Professor Gregory Crane, chair of the classics department and a member of the team, said its grant-winning research project features meaningful undergraduate involvement that will further efforts both within the department and throughout the university to promote undergraduate research.
The National Endowment for the Humanities (NEH), the National Science Foundation (NSF) and peer agencies in the United Kingdom and Canada sponsored the Digging into Data Challenge and announced Crane's team as a grant winner at an awards ceremony in Ottawa last night.
The challenge is targeted at developing tools to process and analyze data in the humanities and social sciences. The digital revolution has made such information available on an unprecedented scale.
"The challenge asks, ‘How does this notion of scale change the way you do your research? How do you use sophisticated tools to process these huge amounts of information?'" Director of the NEH's Office of Digital Humanities Brett Bobley told the Daily.
The team's project addresses variances in ancient texts. The technology that Crane is working on alongside scholars from Imperial College London and Mount Allison University will produce editions of digital classics texts that allow scholars to link to associated translations and citations in a massive digital library.
"This would be pretty much impossible to do manually," Bobley said. "You couldn't write a book that included all this information, but on a computer you can. It's a really interesting first step towards creating new tools that other scholars will find quite useful."
Undergraduates were and continue to be involved with this project, an element Crane sees as reflecting a wider trend of technological advances that both enable and necessitate undergraduate contributions to research.
"We have an infinite amount of work that needs to be done, that exceeds what the small number of us as professional scholars are able to perform," Crane said.
Crane said that with new technological developments, the results of undergraduates' work can be published in the Tufts Digital Library, making them "far more visible than the most well-read scholarly books of a generation ago."
He said this is paralleled by an ongoing cultural change in academia to recognize the value of undergraduate research.
"We have moved from a very hierarchical discipline where the professor knows everything, and the students just learn as much as they can," Crane said. "Now you can have the expectation that you will be able to contribute in some tangible way early on in your career."
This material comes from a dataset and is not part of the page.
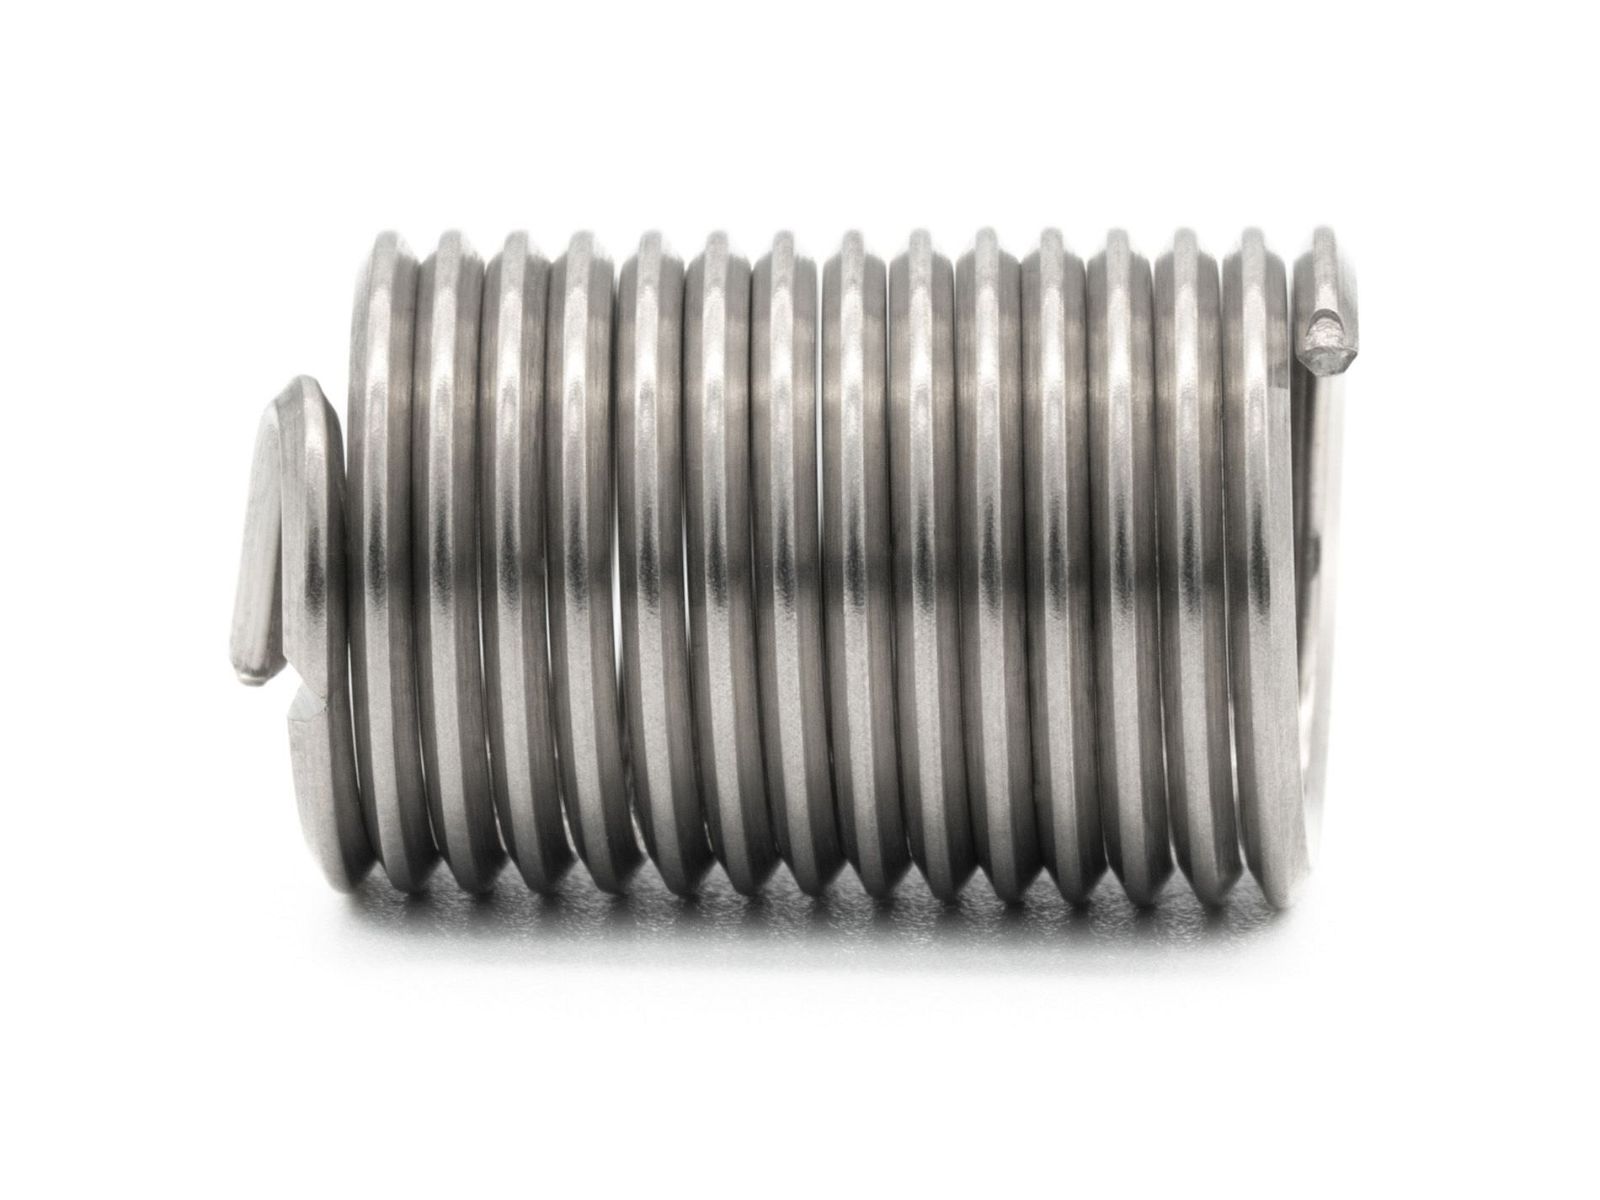 BaerCoil Wire Thread Inserts UNF 7/16 x 20 - 2.5 D (27.78 mm) - free running - 10 pcs.
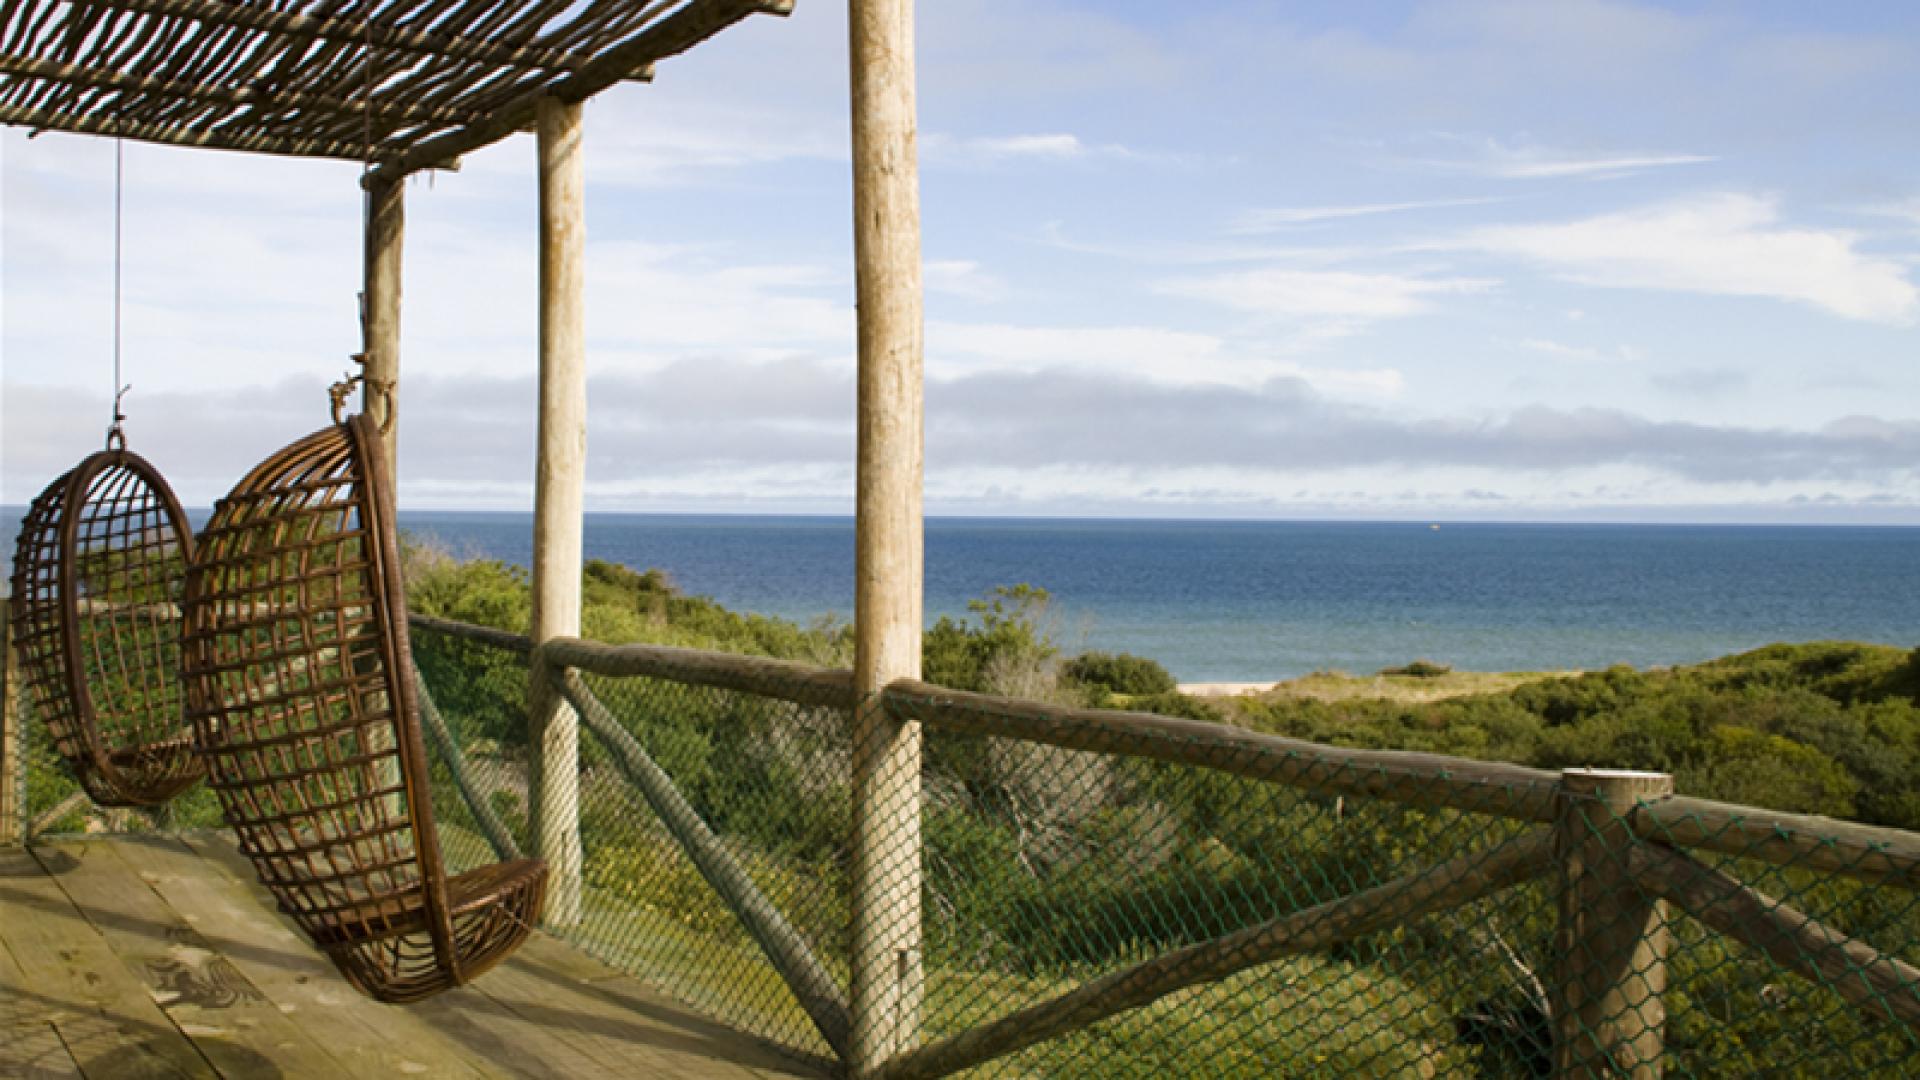 Ultra Private Beachfront Estate located in Jose Ignacio, Punta del Este, Uruguay, listed by Curiocity Villas.

University administrators' support has led them to start initiatives that facilitate undergraduate research, including the creation of the Tufts Summer Scholars Program by University Provost and Senior Vice President Jamshed Bharucha.
Another recent measure taken to encourage students' studies has been the consideration of potential faculty members' ability to support undergraduate research as a hiring criterion. The classics department is at the forefront of this development. In its job description for an open tenured position, department administrators specified that they "especially welcome candidates who can support contributions to and original research by undergraduates." Crane called this move "revolutionary."
According to Crane, the administration's emphasis on making research an integral component of the undergraduate experience and encouraging faculty to actively engage the undergraduate community positions the university to play a leadership role in the academic field.
Dean of Academic Affairs for Arts and Sciences Vickie Sullivan attributes this to the makeup of the university.
"Tufts is well-positioned to be a leader in undergraduate research because of its outstanding undergraduate population and because of its faculty, who are leaders themselves in research," Sullivan said in an e-mail. "This combination which Tufts offers is particularly powerful."
Dean of Arts and Sciences Robert Sternberg agreed that engaging in research enhances the learning experience for undergraduates. "Universities really care about extending the frontiers of knowledge, and research is a chance to be personally involved in that," he said. "It's active learning, not just sitting and reading. It's doing."
Bobley indicated that the involvement of undergraduates in Crane's project could offer valuable insight to the NEH."At the moment, we don't have any grant programs that specifically target undergraduate participation," he said. "But I do think it's a very interesting idea, and I'm very curious to see how it goes and see other fields take better advantage of what the undergraduate community has to offer."